Het Regionaal Tuchtcollege voor de Gezondheidszorg te 's-Gravenhage heeft de navolgende beslissing gegeven inzake de klacht van:

A,

wonende te B,

klager,

tegen:

C, psychiater,

werkzaam te D,

de persoon over wie geklaagd wordt,

hierna te noemen de arts.

1. Het verloop van het geding

Het klaagschrift is ontvangen op 9 februari 2012. Namens de arts heeft mr. J.C.C. Leemans, werkzaam bij DAS Rechtsbijstand te Amsterdam, een verweerschrift met bijlagen ingediend met in aanvulling daarop kopie van de processtukken van de zaken, waarnaar in het verweerschrift is verwezen. Hierna hebben repliek - namens klager door mr. J. Serrarens, advocaat te Maastricht - en dupliek plaatsgevonden. Bij repliek zijn producties overgelegd. Bij brief van 13 november 2012 heeft mr. Serrarens drie Pro Justitia rapportages overgelegd met daarbij een curriculum vitae van een van de rapporteurs. Voorts zijn bij brief van 27 november en 13 december 2012 het proces-verbaal van de zitting van de meervoudige kamer voor strafzaken d.d. 12 november 2012, respectievelijk een beslissing van de rechtbank te I d.d. 26 november 2012 overgelegd. Klager heeft gebruik gemaakt van de gelegenheid om in het vooronderzoek mondeling te worden gehoord. De hoorzitting, waarvan een proces-verbaal is opgemaakt, heeft plaatsgevonden op 30 oktober 2012. De mondelinge behandeling door het College heeft plaatsgevonden ter openbare zitting van 2 juli 2013. Op de voet van artikel 57 lid 1 en 2 van de Wet BIG is de klachtzaak gezamenlijk behandeld met een samenhangende klachtzaak tegen een gezondheidszorgpsycholoog (kenmerk 2012-027b). Partijen zijn verschenen en hebben hun standpunten mondeling toegelicht. De arts werd bijgestaan door mr. Leemans voornoemd.

2. De feiten

2.1. Klager is op 5 november 2007 opgenomen in E te D (verder te noemen: E), nadat hij op 4 mei 2005 door het gerechtshof te F was veroordeeld tot een gevangenisstraf van vijftien maanden en terbeschikkingstelling met bevel tot dwangverpleging van overheidswege.

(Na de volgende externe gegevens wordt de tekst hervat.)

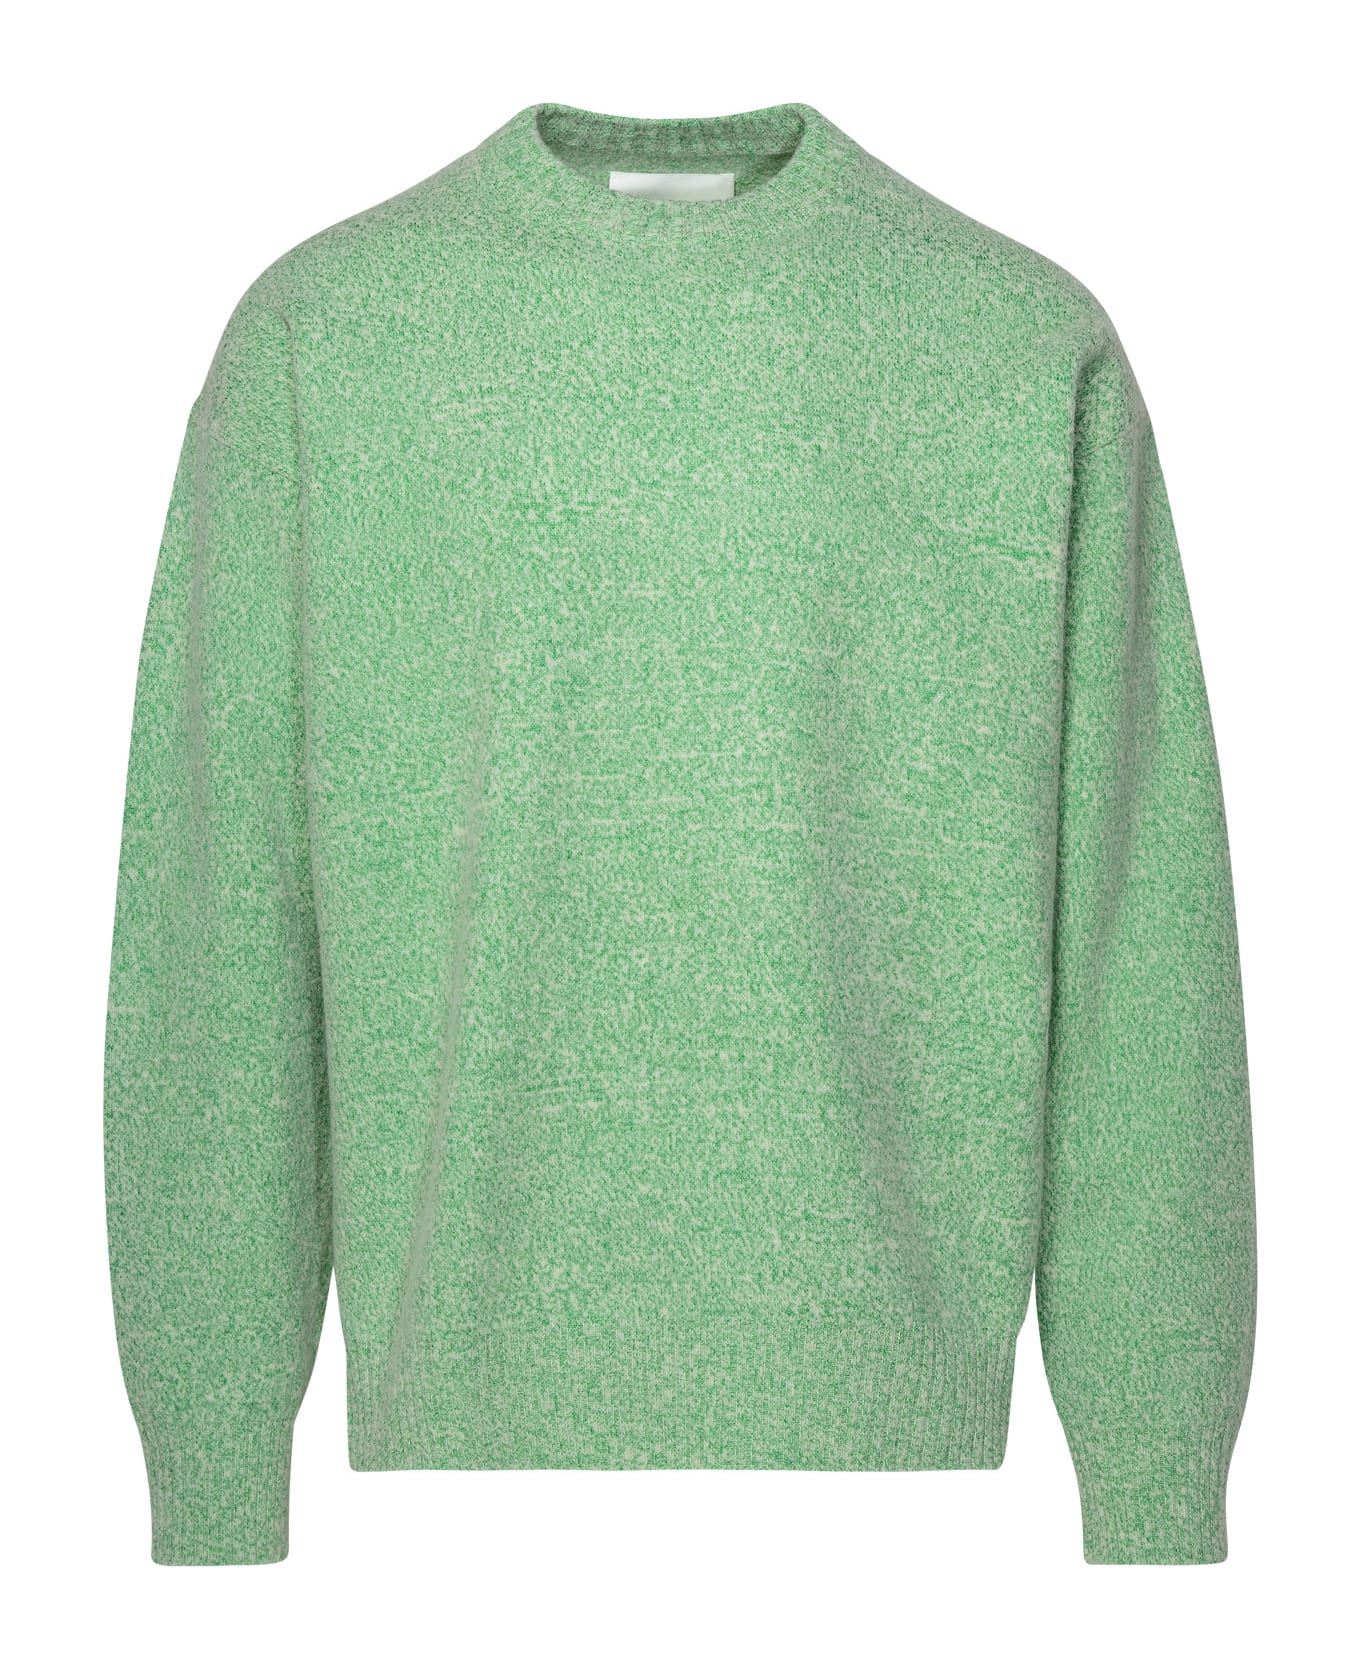 Jil Sander Green Wool Blend Sweater - Green

2.2. Klager is door de toenmalige afdelingspsychiater gediagnosticeerd met een antisociale persoonlijkheidsstoornis en afhankelijkheid van verschillende middelen.

2.3. Op 17 december 2008 is de tbs-maatregel van klager met een jaar verlengd, waartegen klager in beroep is gegaan. Bij tussenbeslissing van 14 april 2009 heeft het gerechtshof te G de zaak heropend en beslist klager te laten onderzoeken in H te I (verder te noemen: H) om over de (on)mogelijkheden van de hervatting van zijn behandeling en de diagnostiek te rapporteren. Voor dit onderzoek verbleef klager van 13 mei tot 1 juli 2009 in H. In de rapportage van het H is onder meer een beschrijvende diagnose vermeld van een persoonlijkheidsstoornis NAO (niet anders omschreven) met antisociale en schizotypische trekken. Een echt psychotisch beeld ontbrak. Voorts is onder meer vermeld dat klager gebaat zou kunnen zijn bij medicamenteuze behandeling met een (atypisch) antipsychoticum, dat een stabiliserende werking zou hebben op de impulsregulatie.

2.4. Op 26 oktober 2009 heeft het gerechtshof te G, mede op basis van de Pro Justitia rapportage van H, beslist tot verlenging van de tbs voor de duur van twee jaar, daarbij ervan uitgaande dat E met klager zou gaan werken overeenkomstig het advies van H om een resocialisatietraject op te starten.

2.5. De arts is sinds 7 december 2010 als psychiater en medebehandelaar betrokken geweest bij de behandeling van klager in E.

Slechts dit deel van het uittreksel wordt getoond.